Although the Lodz Ghetto was the first established and the last destroyed, there had never before been a gathering of survivors in that city. With the help of the U.S. Holocaust Memorial and Museum in Washington, D.C., invitations were sent to ghetto survivors throughout the world.

Four Clevelanders were among the 5,500 people who traveled to Poland to take part in the event.

Sisters Helen Potash and Marcia Krause, both of Beachwood, were the only members of their family of eight to survive. This was the first trip to Poland for each of the sisters since the war.

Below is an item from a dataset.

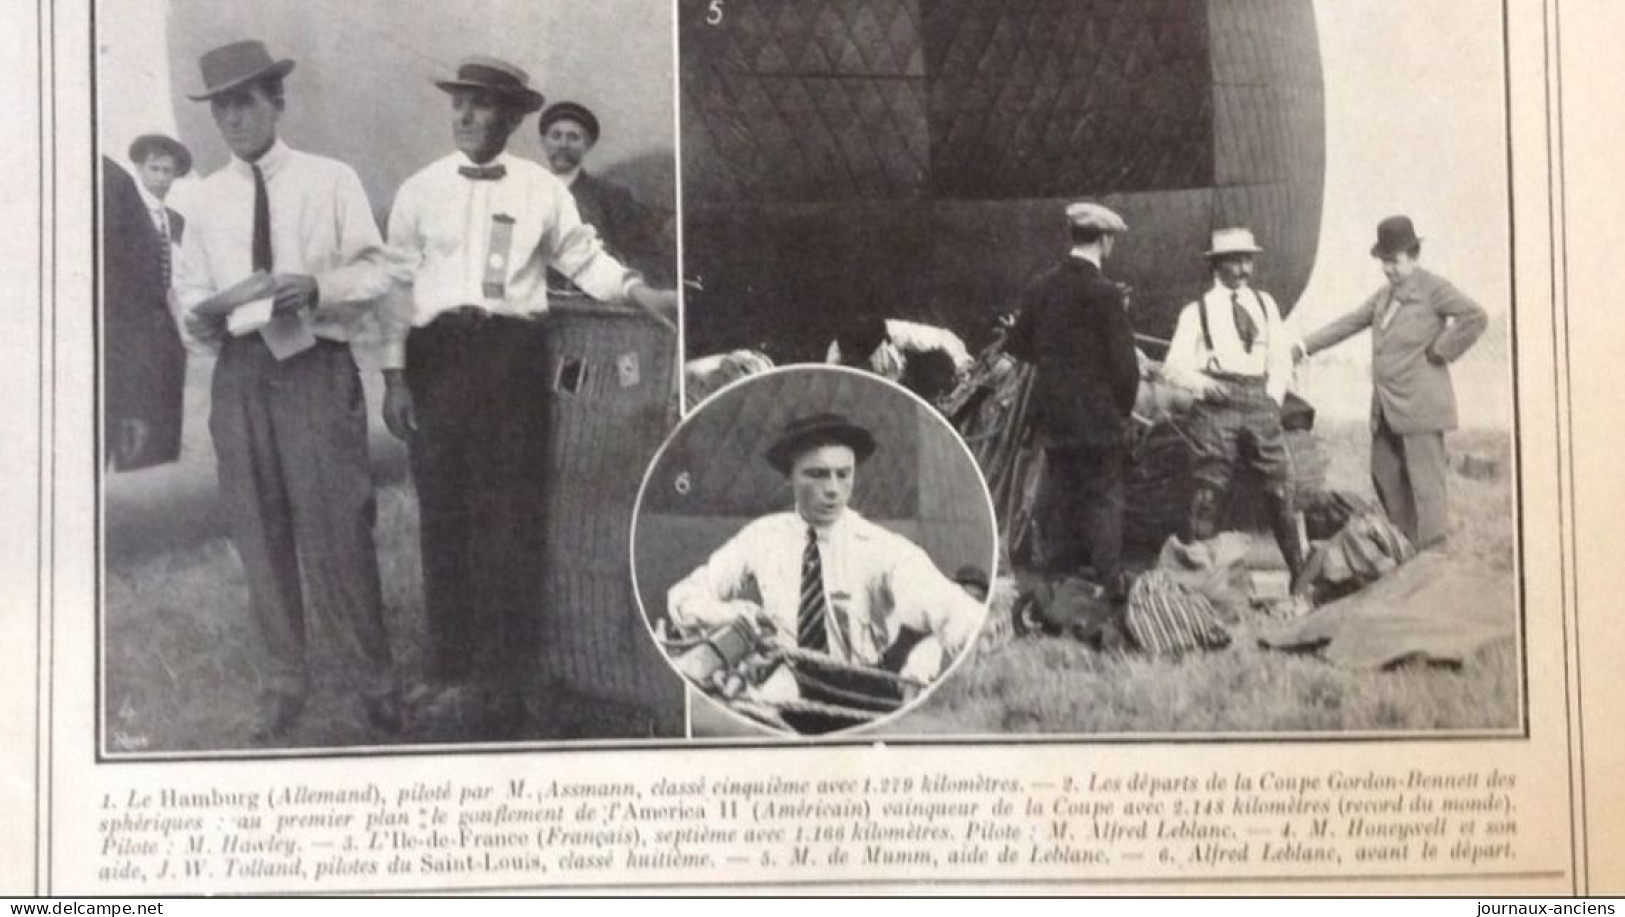 1910 LA COUPE GORDON BENNETT DE SPHÉRIQUES - L'AMERICA II - HONEYWELL - ALFRED LEBLANC - LA VIE AU GRAND AIR - 1900 - 1949
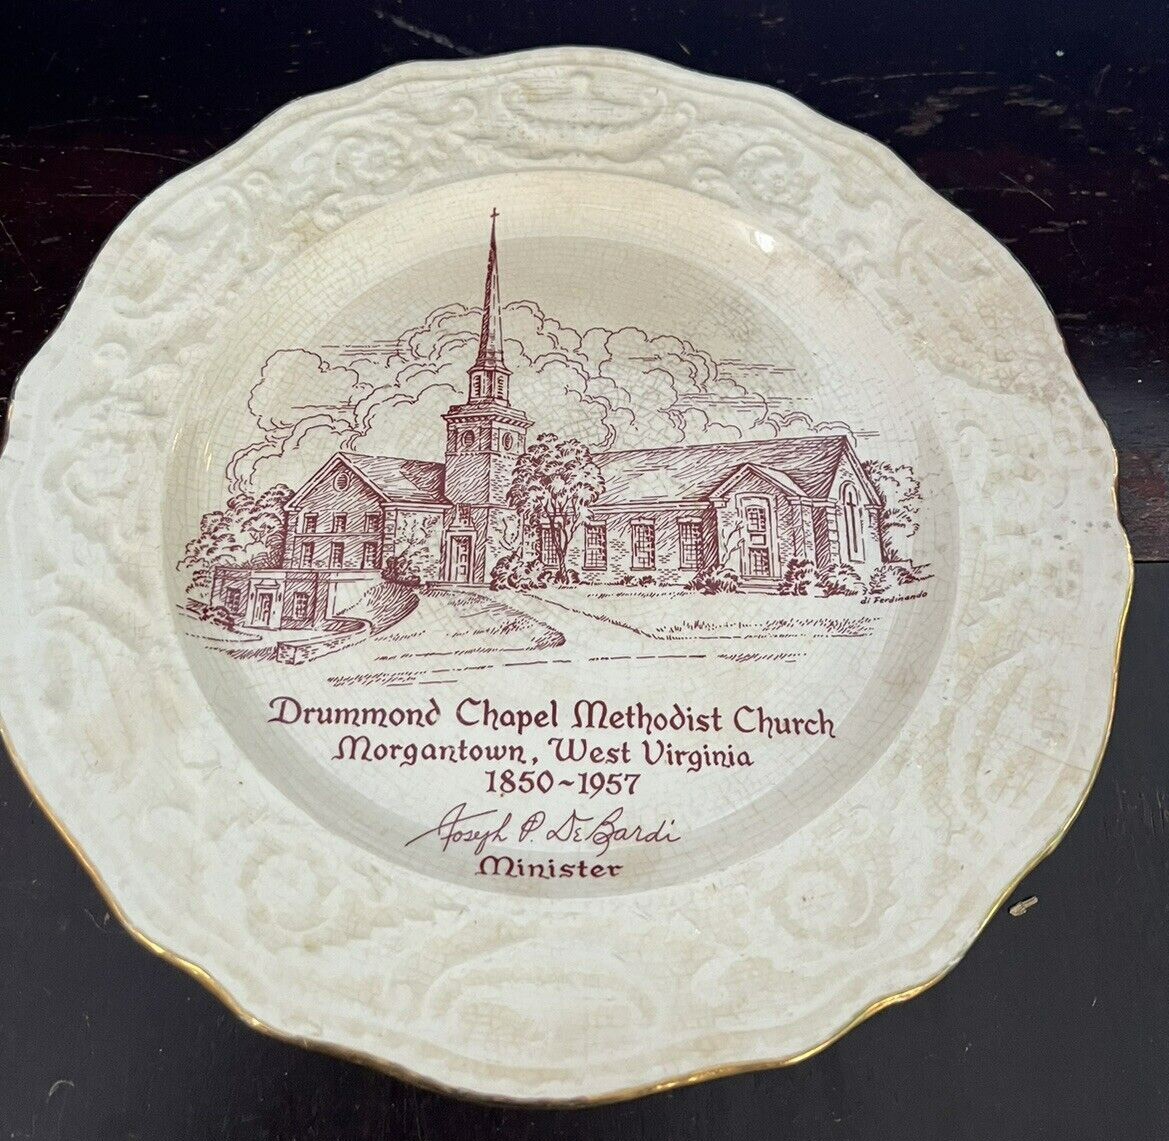 DRUMMOND CHAPEL METHODIST CHURCH MORGANTOWN, WEST VIRGINIA 1850-1957 PLATE

"Before we left, I was a nervous wreck," says Krause who dreaded having old wounds reopened. Potash, too, was worried about how she would fare emotionally.

"I never wanted to go back to Poland or Germany - too much of our blood was spilled there," says Potash. "I was worried if I could handle it, but I thought, if not now, when?"

Although Pepper Pike resident Herman Frank has traveled to Poland every year for the last 15 to say kaddish for his family, he says it is always difficult for him. Although he has taken his sons and grandson on previous trips, this time he went alone.

"Every time I go, I get anxious," he says. "It is always sad."

As a result of his regular visits, Frank has made friends with several non-Jewish Poles. One of them helped him locate his mother's grave and get a monument erected.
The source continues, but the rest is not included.